PROMPT: Please give the whole listing again exactly, without any of its pictures.

RAW DATA:
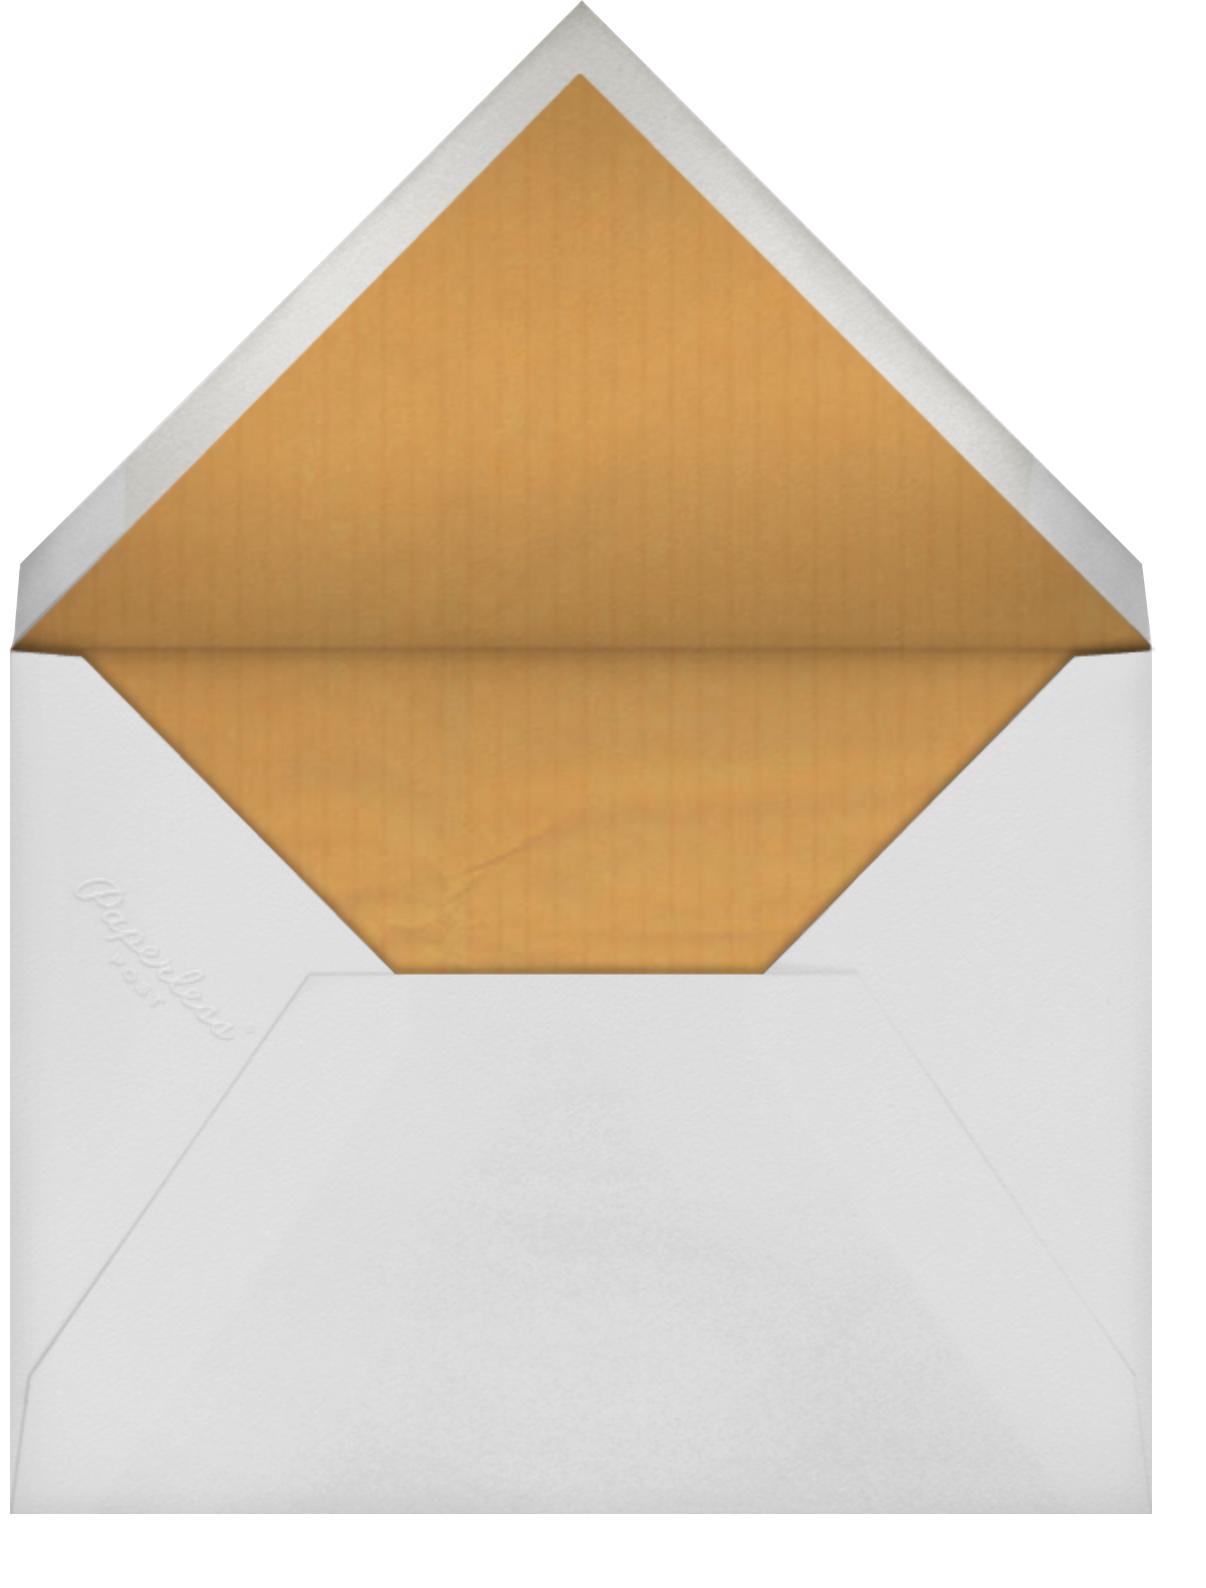 Tender Buttons - Indigo - Anthropologie - Envelope
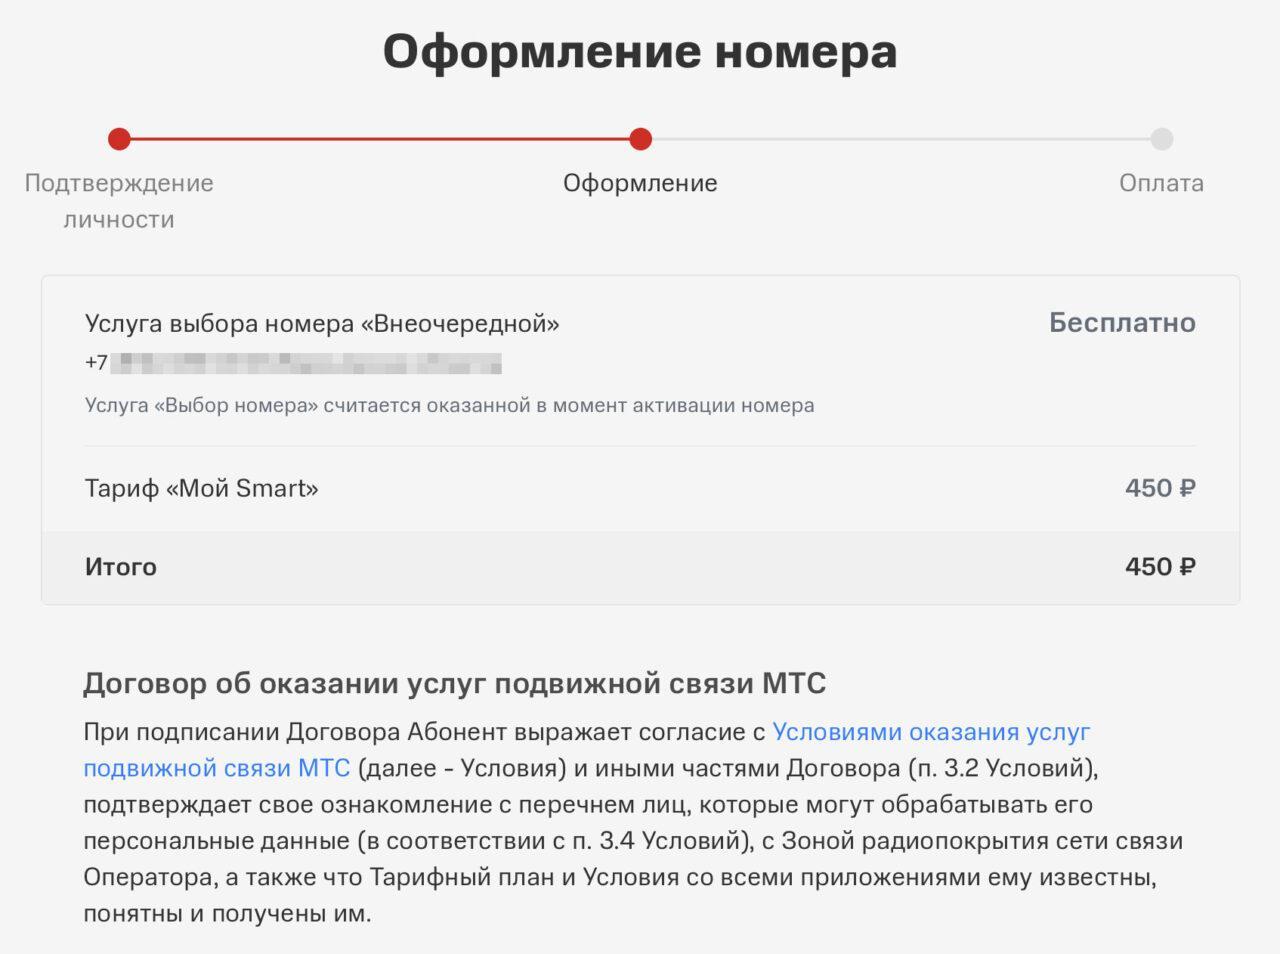 C:\Users\Геральд из Ривии\Desktop\mts-esim-howto-russia-simcard-online-iphonesru-5.jpg
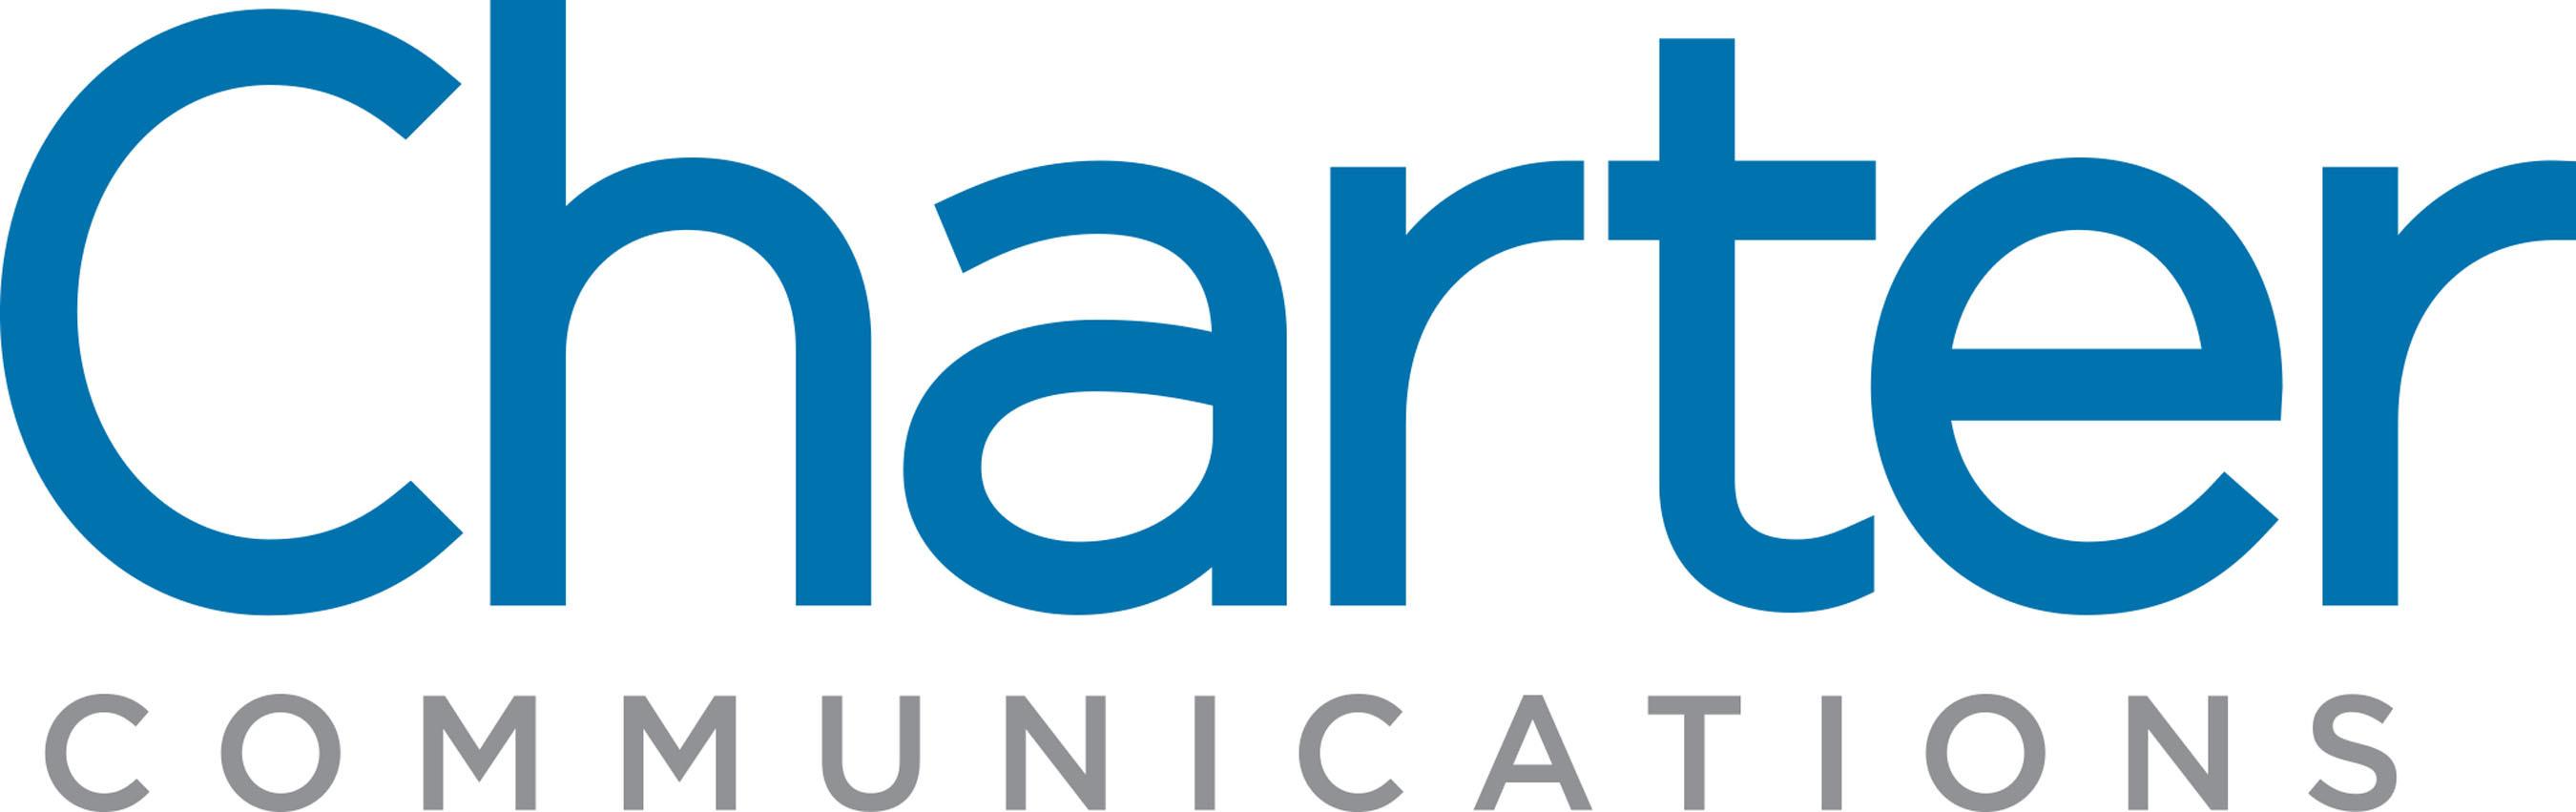 Spectrum Business Receives Mef Ce 20 Certification

SOLUTION TO THIS EXERCISE:
 Tender Buttons - Indigo - Anthropologie - Envelope
 C:\Users\Геральд из Ривии\Desktop\mts-esim-howto-russia-simcard-online-iphonesru-5.jpg
 Spectrum Business Receives Mef Ce 20 Certification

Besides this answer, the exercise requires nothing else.